А что жена? – ну да, муж немного чокнутый, но не подыхать же им с голоду, когда земля здесь не родит, а это всё ж таки дело, работа, а что живьем, то и его понять можно – посмотрю я на тебя, когда на твоем мужике повиснет свора злобных гончих и порвет его искусные руки. Живьем значит живьем, черт с ним.


Так он и дожил свой век, вновь попивая пиво, теперь уж дешевое, кроил кривые собачьи шапки, – на базарах их называли волчьими, – ловил удавкой псов и всё тем же кривым зазубренным ножом сдирал с них собачьи шкуры – живьем.
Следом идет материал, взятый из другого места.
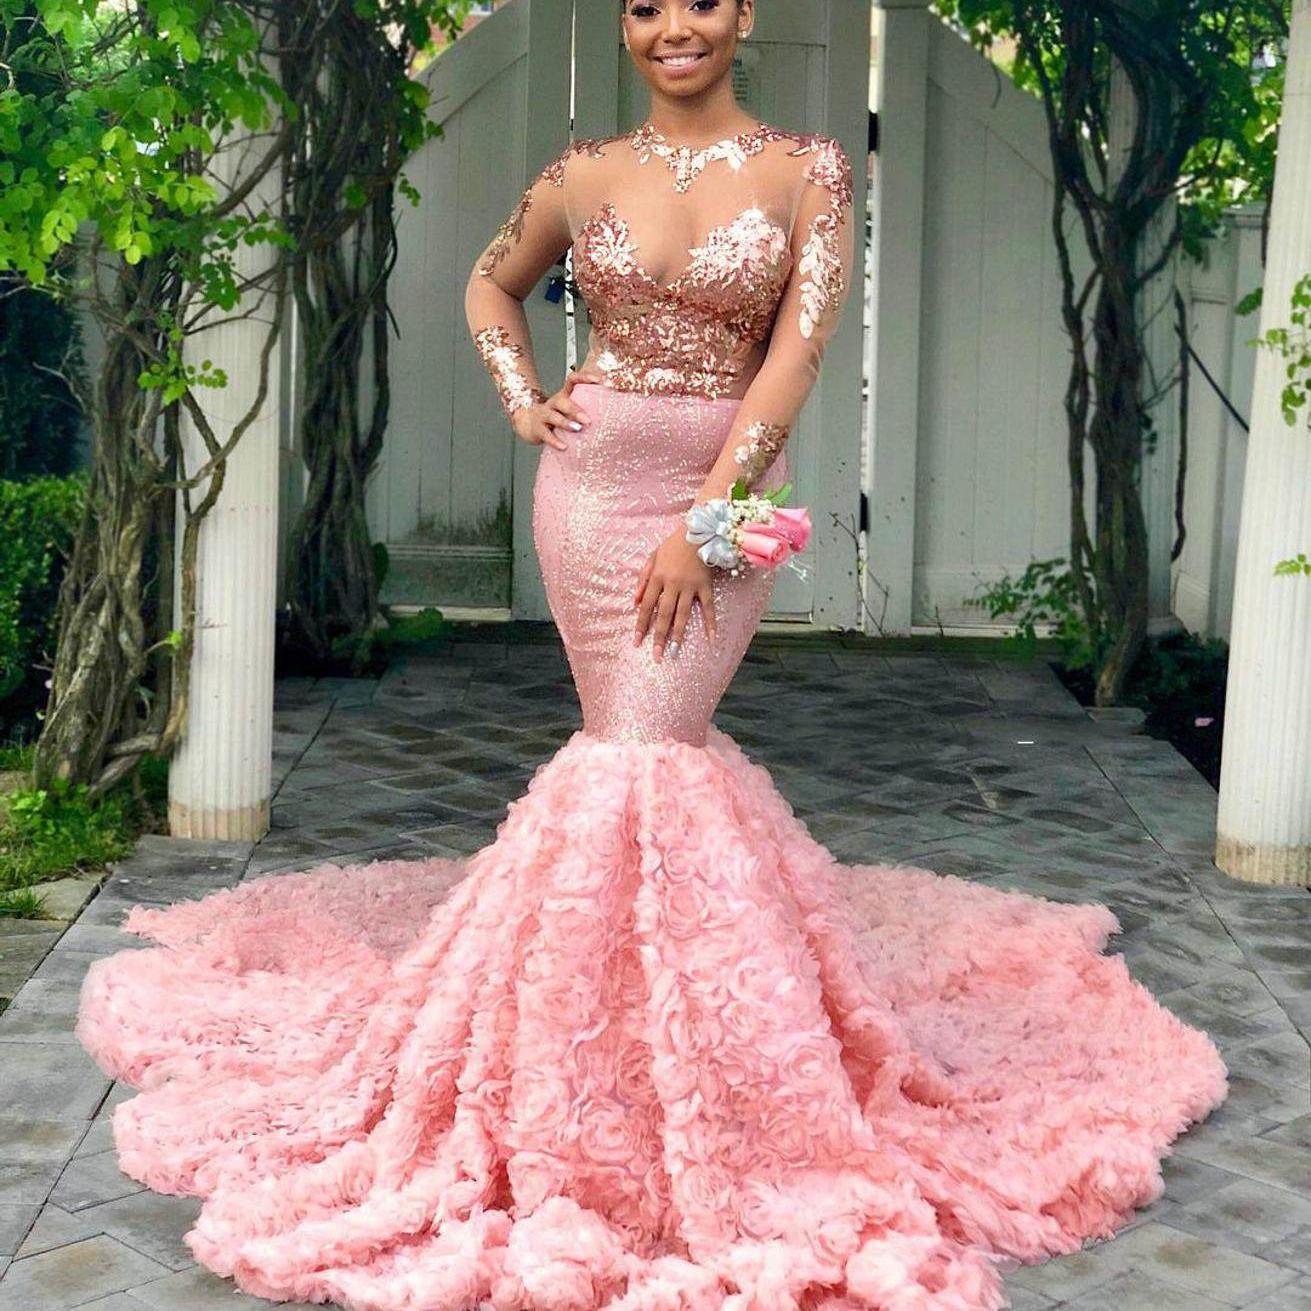 Rosa da sereia Vestidos de baile Sheer Jewel Neck Long Sleeve Sequin apliques de renda Evening vestidos de ver através da celebridade Vestido formal Pageant Vestido

И была у него одна мечта – поймать в свой капкан гончую, – тонкую, быструю, хваткую. Видел он в своих чýдных видéниях, как стаскивает он с нее шкуру, час за часом, день за днем, беседуя с ней неторопливо о жизни их нелепой, со вниманием выслушивая ее ответы, оправдания ее за те дни, когда висела она на его руках, – вот видишь, милая, как всё увязано в этом мире – тогда ты мне разгрызала жилы и артерии, и я кричал от боли адовой в вечернюю тьму, а теперь я разгрызанными тобой руками, под твои ужасные вопли срезаю с тебя полегоньку-потихоньку всю твою собачью шкуру, и вселенский холод охватывает тебя, оголенную, как тогда меня, гибнущего скорняка, охватил тот же холод, что холоднее мороза студеных январских дней.


Но прошло положенное время, и он, так и не встретив свою гончую, испустил последний дух и отошел в иной, совсем иной мир. А в этом мире его поджидали.
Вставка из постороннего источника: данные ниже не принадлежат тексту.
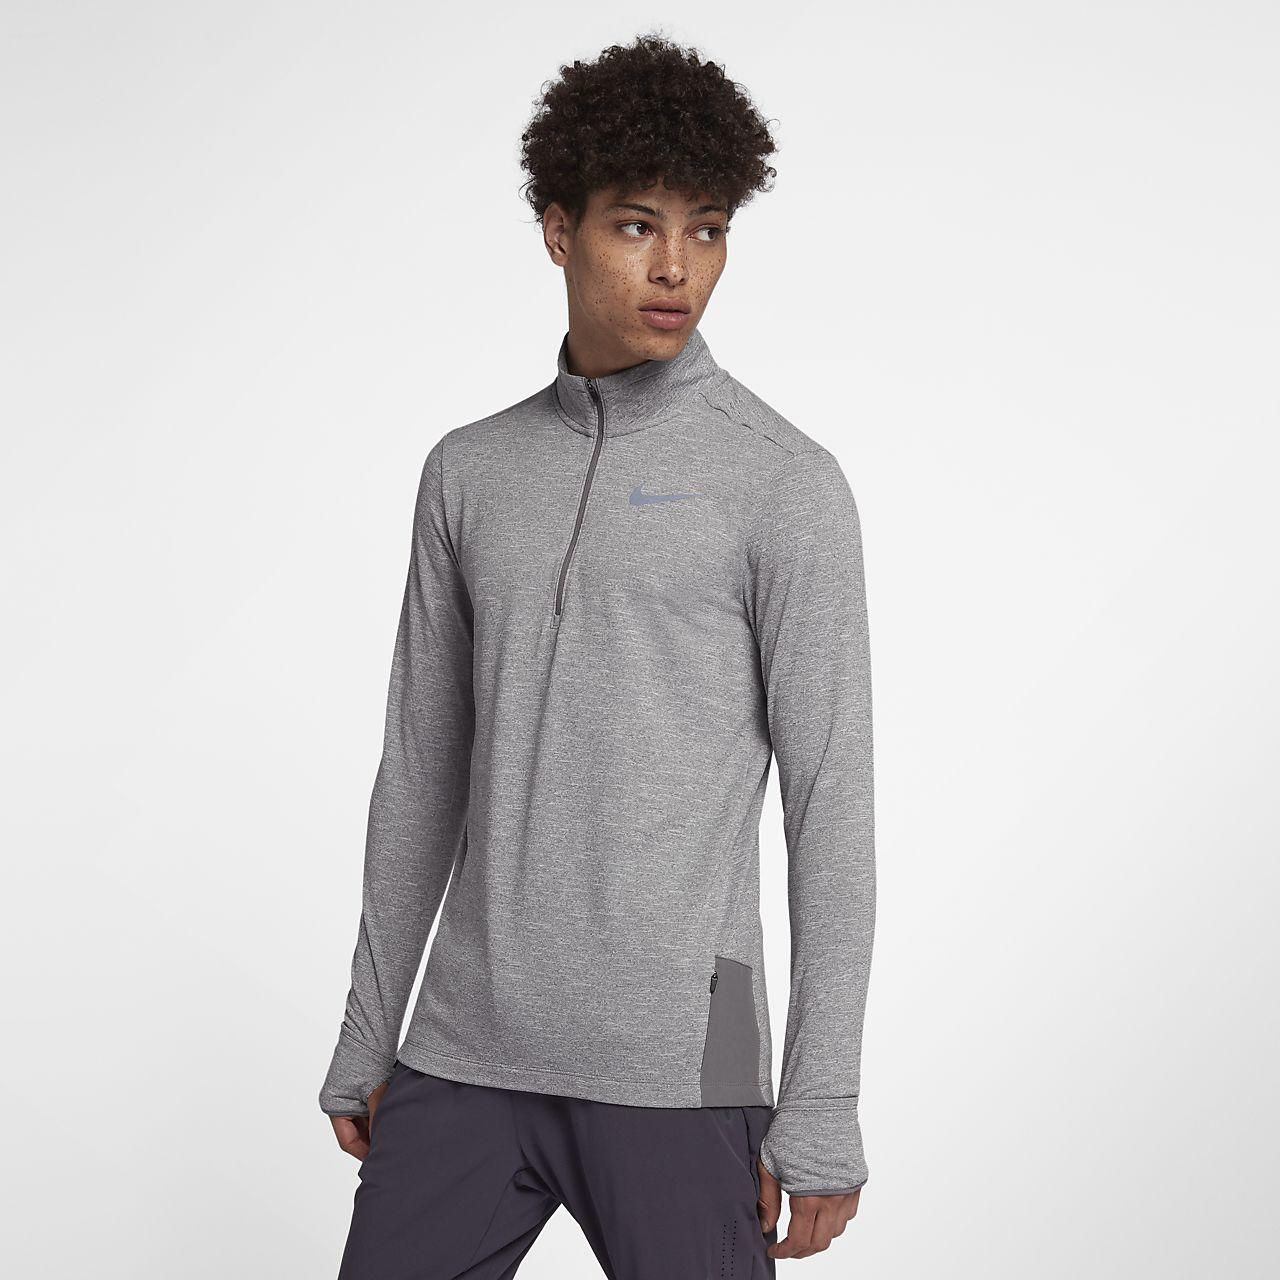 Zip Pour À Therma Sphere De Running Nike Demi Haut HommeFr FlJ1cK

– Есть, – говорил тот подвижник в заоблачном плоскогорье, где и воздуха почти что нет, – есть в том ином мире некий отдел, некое специальное заведение, приемно-распределительный пункт, приемник-распределитель, как его там называют попросту. Туда-то и поступают пришедшие снизу, из мира плоти, когда плоть их уж больше не действует и ее за ненадобностью сожгли, закопали или утилизировали каким другим способом. Поступают они в приемник-распределитель, сидят там и ждут – какое по ним будет решение, куда их отправят, по какому этапу, в какую новую плоть экипируют и через матку какой мамаши вновь вбросят обратно в этот же самый наш мир отрабатывать нажитое, – да еще и память об этом нажитом отшибут напрочь, так что и не поймешь здесь, что отрабатываешь и что за что получаешь.

Так и наш скорняк – издох и сел в распределительном пункте ждать решения по своему делу. В комиссии специальной посовещались, по плóти его предстоящей более-менее определились, но решили век-другой еще подождать, чтобы подыскать для него подходящую родительницу – так, чтобы уже всё сошлось.


Всё и сошлось. Лет примерно через сто преставилась в другой стране знатная и богатейшая княгиня. Отпели ее по всем правилам, всплакнули о ней две то ли приживалки, то ли прислужницы, – муж ее, знатного и богатого рода князь, приказал долго жить еще в молодые ее годы, – наследство ее обильное со скрипом и смертоубийством поделили дальние племянники, – детей у нее не было, то есть когда-то были, но до ее поминок не дожили – кто отошел по малолетству, кто на фронте в гусарском мундире, кто при родах, – и направилась она в те же края, где собирались по окончании очередной земной миссии и все прочие посетители этой планеты. В тот же самый приемно-распределительный пункт.

Но про княгиню эту знатную и богатую придется добавить несколько неудобоваримых слов. Была она в жизни этой жадна и скупа до таких границ, что и земляне вздрагивали. В огромном холодном доме она никогда не разжигала камин, чтобы не сжигать дрова, она не мыла рук, чтобы не тратить воду, она, миллионерша, носила единственное черное платье и не меняла его, пока оно не рассыпалось, позволяя прачке застирывать только уж очень грязные его части, чтобы сэкономить на мыле. Она питалась одним сухим печеньем, за которым сама ходила в бакалею, чтобы выбрать поломанное и раскрошенное за четверть цены, отчаянно торгуясь с бакалейщиком. Ездила она в полуразбитой колымаге без рессор, в которой ездил еще дед ее покойного мужа, и дозволяла кучеру кормить лошадь только крапивой, росшей вдоль проезжих дорог. Однажды в грязную дождливую осень она, идучи по двору, обронила почтовую марку ценой в четверть грошика и девять часов ползала по раскисшей земле в надежде найти ее. Богатство ее меж тем росло и росло, так как она ловко давала копеечные ссуды под чуть ли не бриллианты, особенным чутьем находя или привлекая к себе несчастных, которые уж точно ничего никогда не выкупят.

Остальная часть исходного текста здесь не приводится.